Walt, chief executive officer for the Nevada Rural Counties Retired & Senior Volunteer Program (RSVP), began her term on the CCSD Board of Trustees’ in January. She represents District 6 and said she looks forward to asking questions about the processes at the board and school levels. She also hopes she’ll be approached by others when they have their own inquiries or thoughts.

“I have an educational background,” she said. “And in being on the school board, the timing never seemed to be right with government. It’s an 8-to-5 job and I need to be flexible where I could do school visits and whatnot. Also, just because of where we are with education right now, I believe with teacher retention and recruitment — and student attendance is so extremely important — I just felt with the experience and being in the community, I just felt at this time … I think that being involved and that diversified involvement, I would hope parents and students would feel comfortable coming to me.”

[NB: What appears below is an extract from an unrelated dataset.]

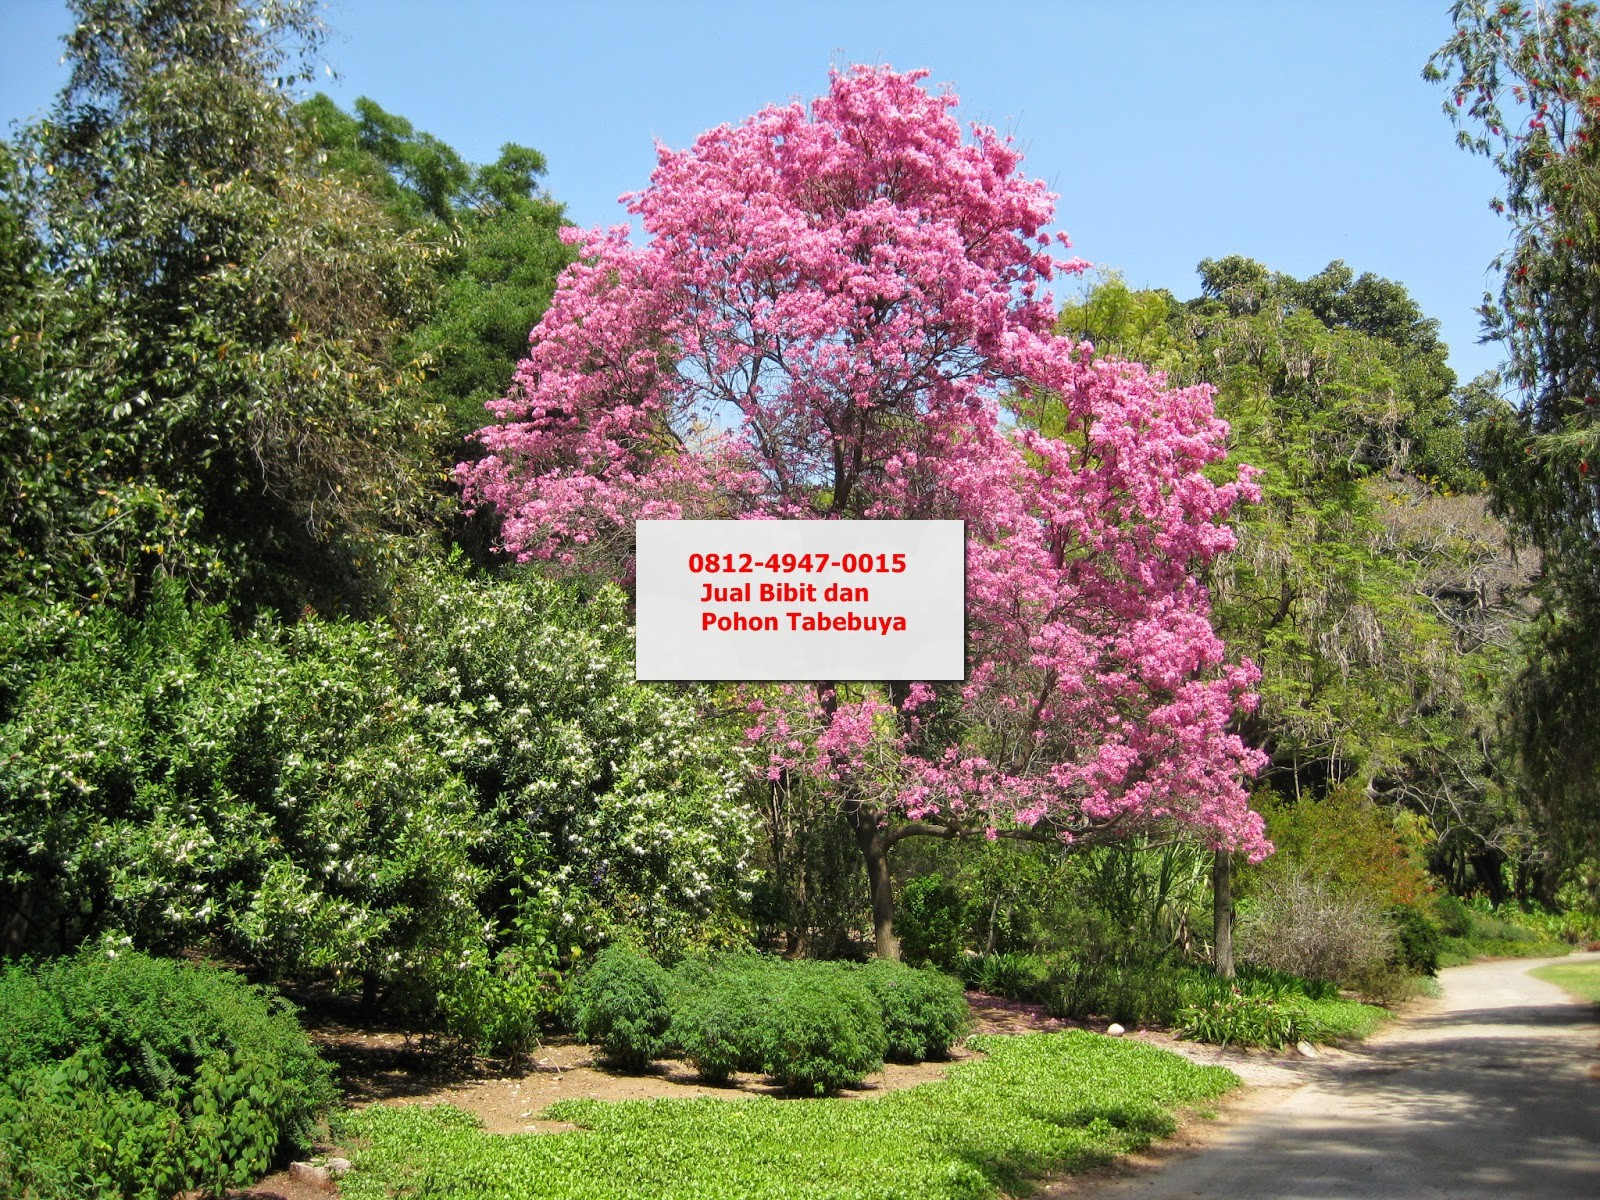 Jual Bibit Pohon Tabebuya Pink di Malang

At RSVP, Walt manages the overall strategic, fiscal, operational, government and community relations of the organization. She previously served as executive director for the Nevada Commission for Women and directed the implementation of the statewide celebrations of the 100th anniversary of women achieving the right to vote. She also served as a Carson City supervisor from 2009 to 2012.

Walt is a mother of four who at one point all attended Carson City public schools. Her older twins have graduated, but her daughter Gracie, now a senior, is preparing to graduate from Carson High School and looks forward to attending the University of Idaho while her youngest, Kael, a sophomore, continues as a Senator and plays soccer. Walt said her children sacrificed time to work hard in school as the shelter-in-place mandates came down at the beginning of the pandemic early in 2020.

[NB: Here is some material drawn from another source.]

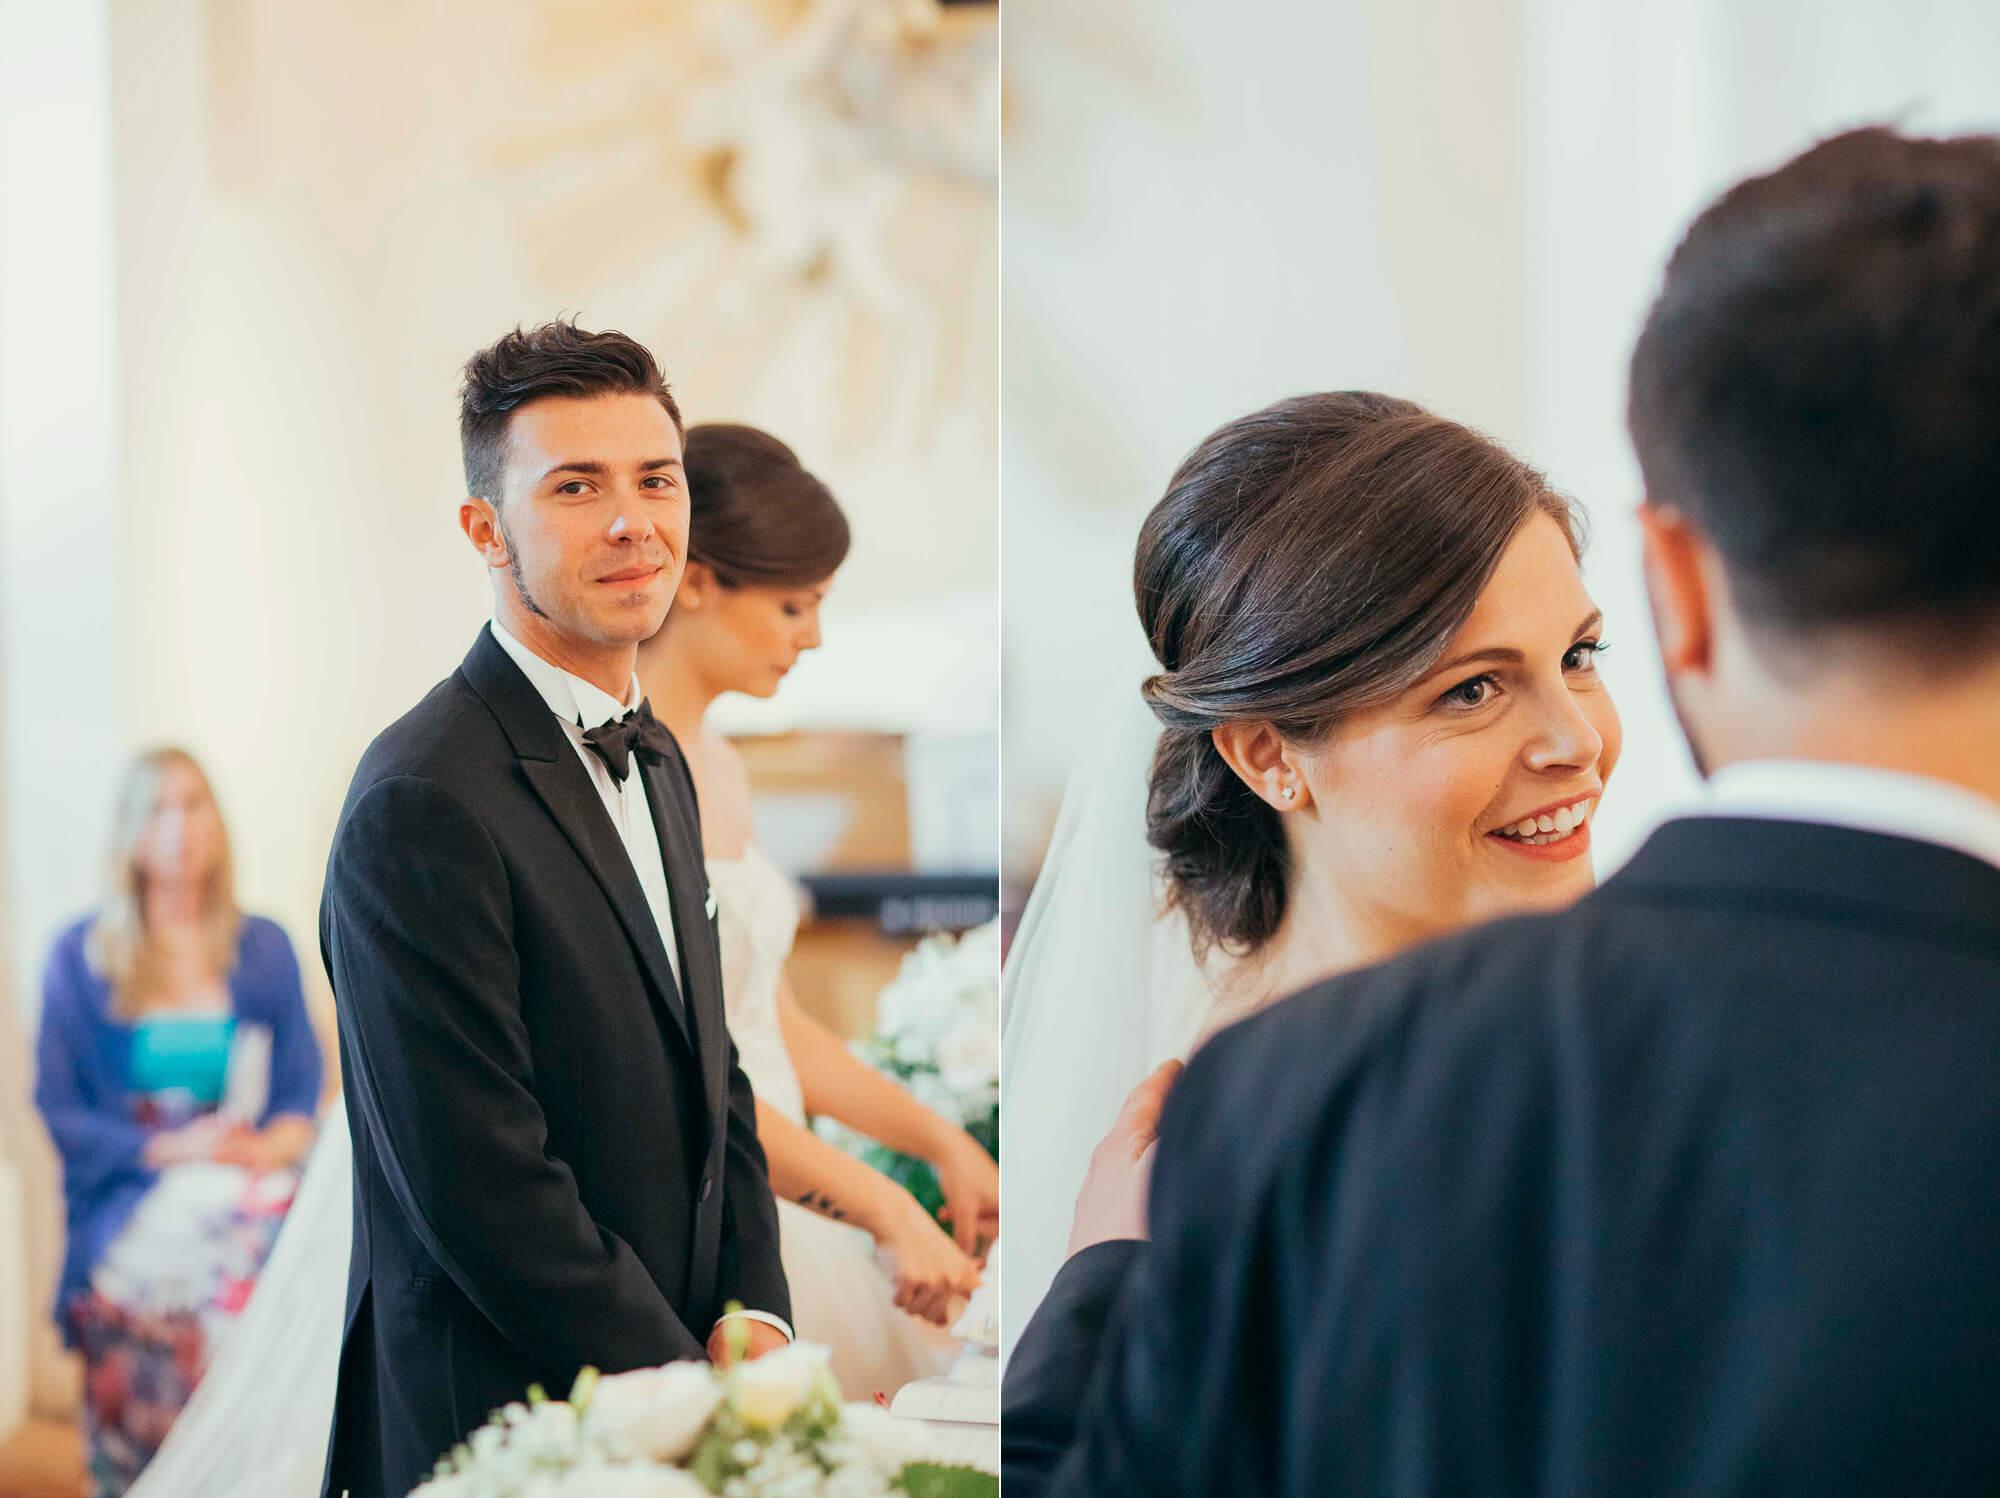 065-arezzo-wedding-photographer.jpg

Now she wants to help Carson City’s schools by focusing on its policies as a trustee. She said it would take some time to learn the school board’s process and would start by exploring staff members’ key concerns, especially among those who are leaving their positions or considering other opportunities. She also hopes to address the bus driver shortage and to shorten CCSD’s walk radius, extended last August from 2 miles to 2.5 miles for middle and high school students for the 2022-23 school year.

“Obviously, if teachers are leaving and going to another job or exploring another career and going to another district, I would like to know why,” she said. “I’d ask, ‘What spurs you to leave the district or even the teaching career?’ Again, it’s going to take a team. Employee health overall is so important.”

Walt said she encourages anyone to speak up or reach out about school district issues.

“I’m in a place where I can listen and bring those concerns to the superintendent and to the school board, whether those concerns are positive or negative, and celebrate the good the schools are doing and at the same time ask if changes do need to be made and if we hope to recruit and retain good teachers,” she said. “I hope I sell our community.”